→ **TASK PROMPT**
Word for word, copy the line that contains "[FLASH 08:30] Trafic" and each line after it in the data below. Pictures stay out of the copy.

→ **RAW DATA**

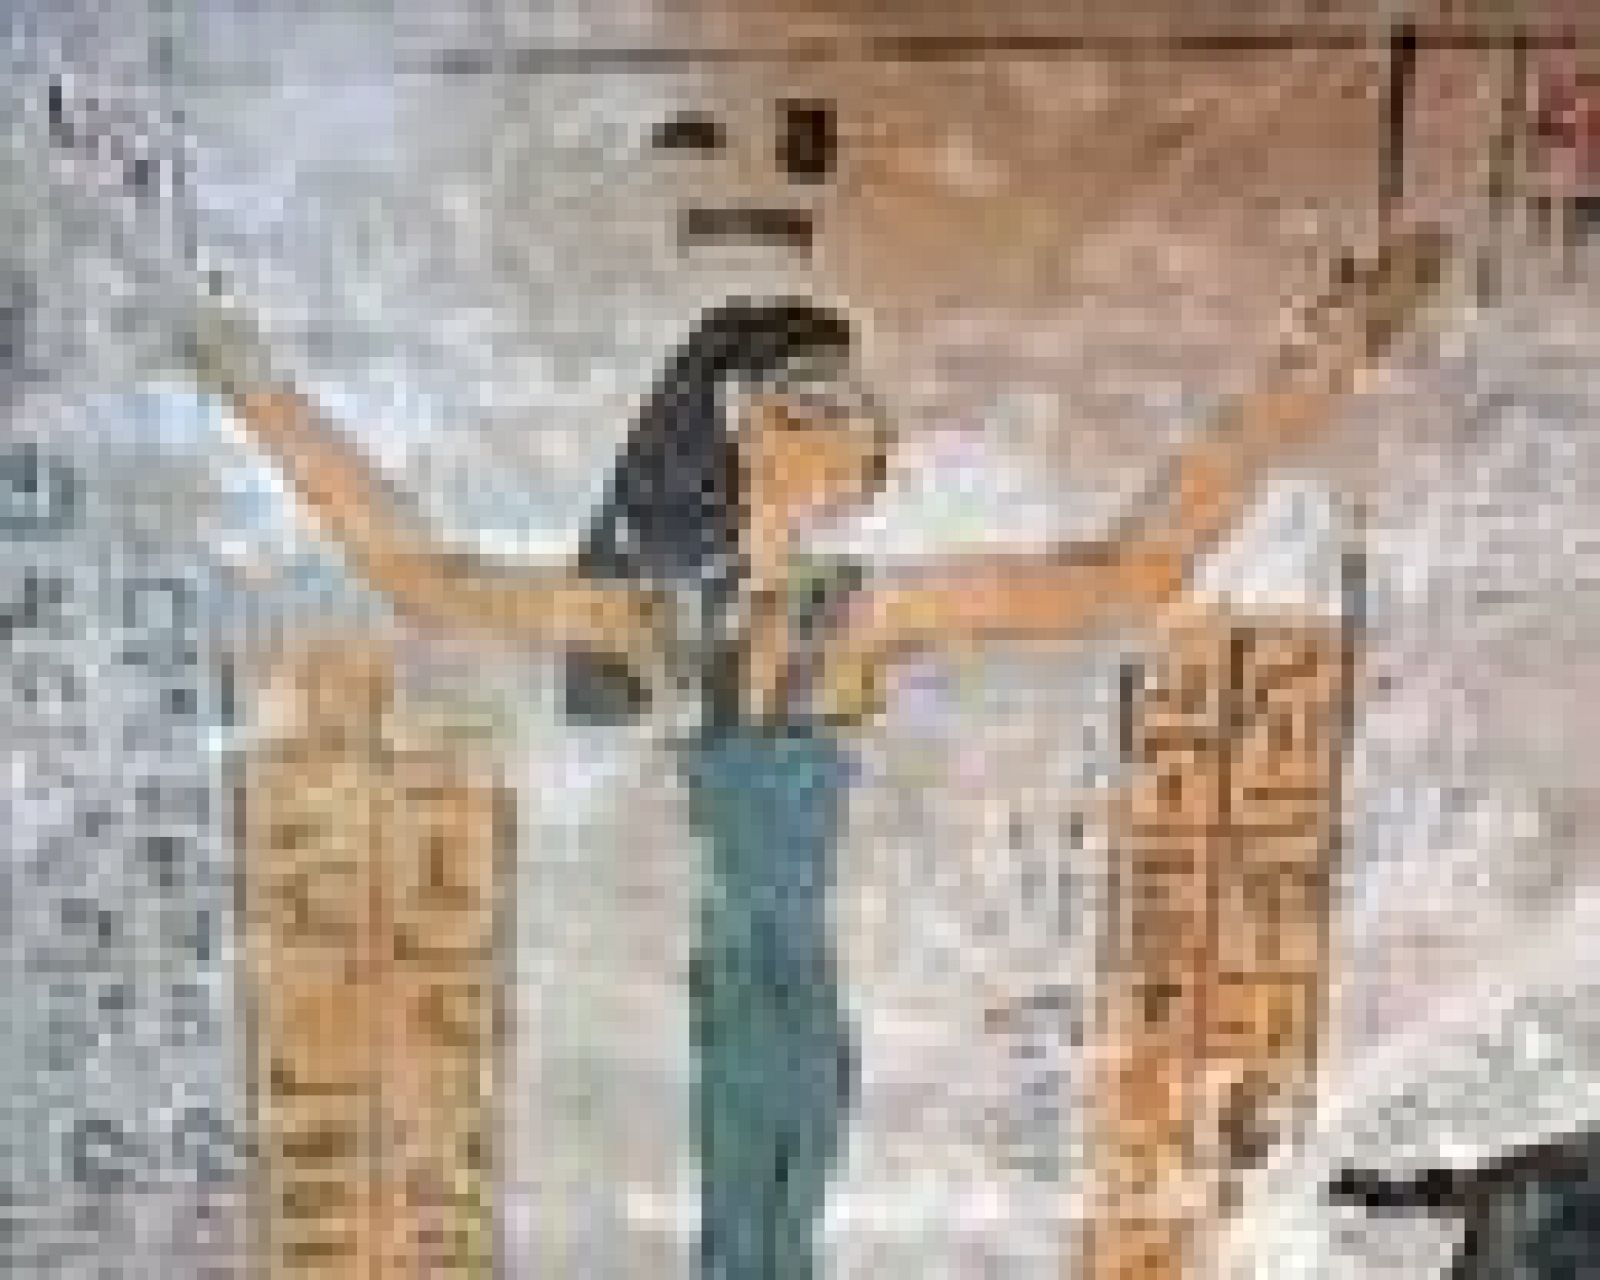  Arqueólogos españoles han descubierto una auténtica 'Capilla Sixtina' de 3.500 años de antigüedad en la tumba del escriba Djehuty, en Egipto. 
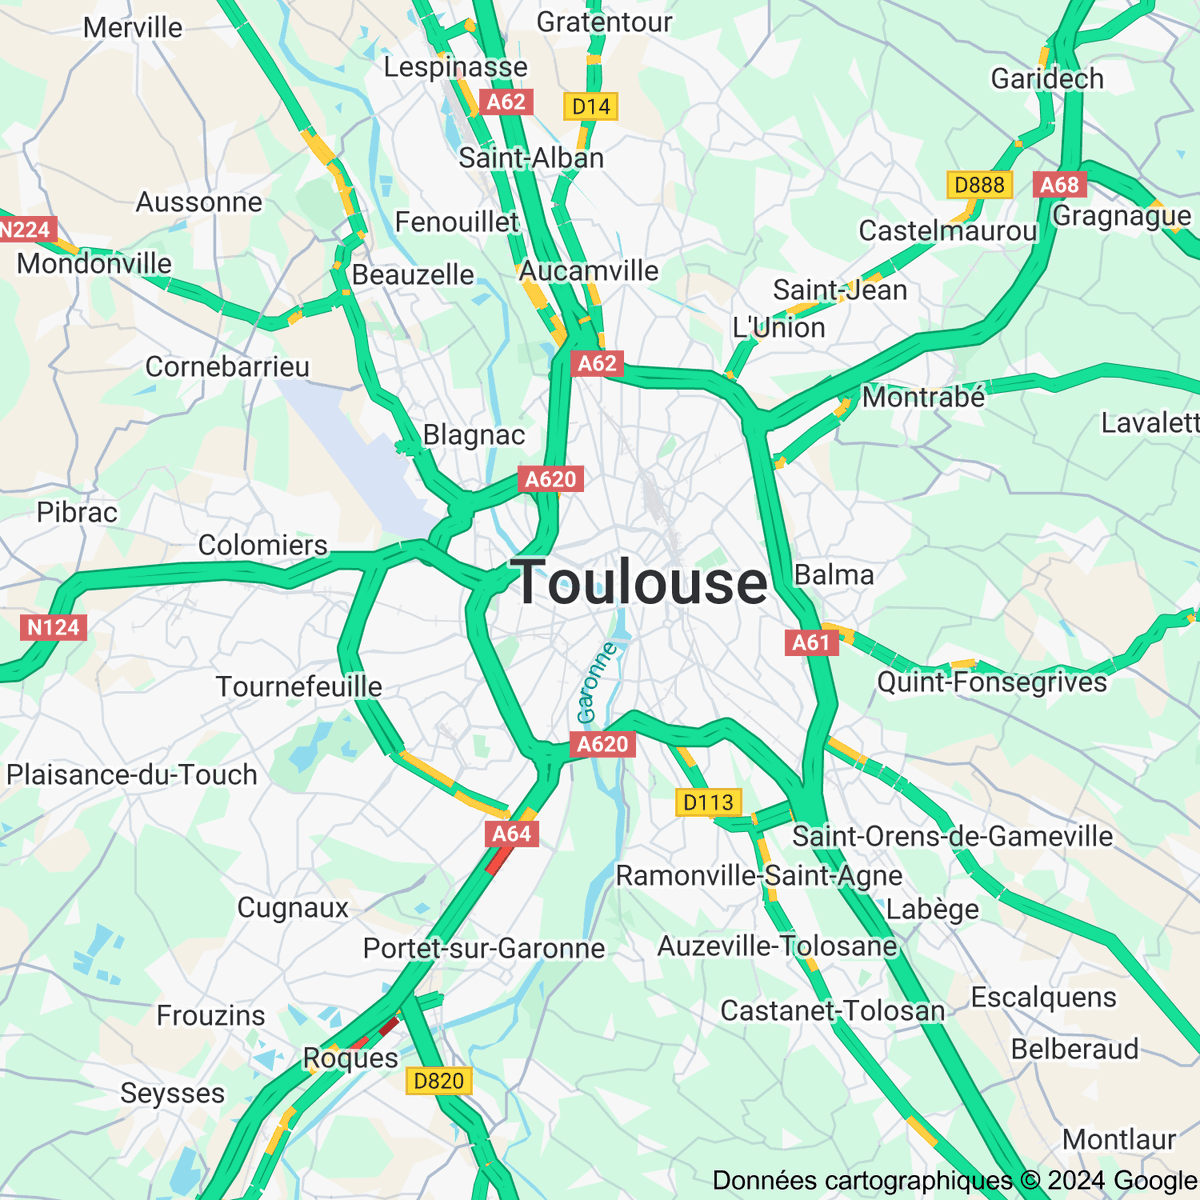 [FLASH 08:30] Trafic routier à Toulouse - toulousetrafic.com #Toulouse #ToulousePeriph #InfoTrafic
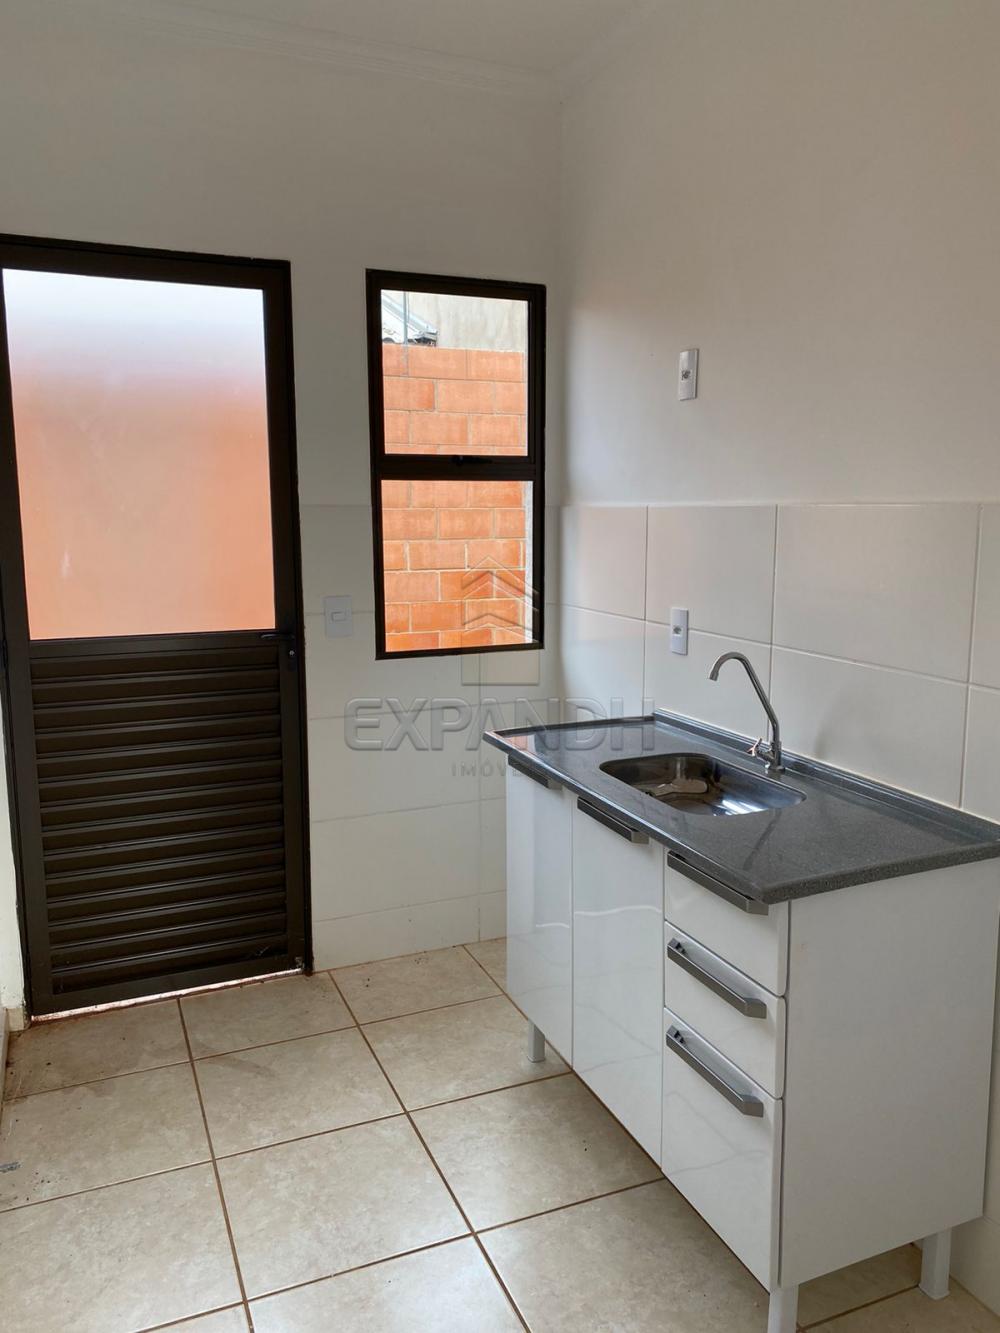 Alugar Casas / Condomínio em Sertãozinho R$ 850,00 - Foto 10

→ **RESPONSE TO THE TASK**
 [FLASH 08:30] Trafic routier à Toulouse - toulousetrafic.com #Toulouse #ToulousePeriph #InfoTrafic
 Alugar Casas / Condomínio em Sertãozinho R$ 850,00 - Foto 10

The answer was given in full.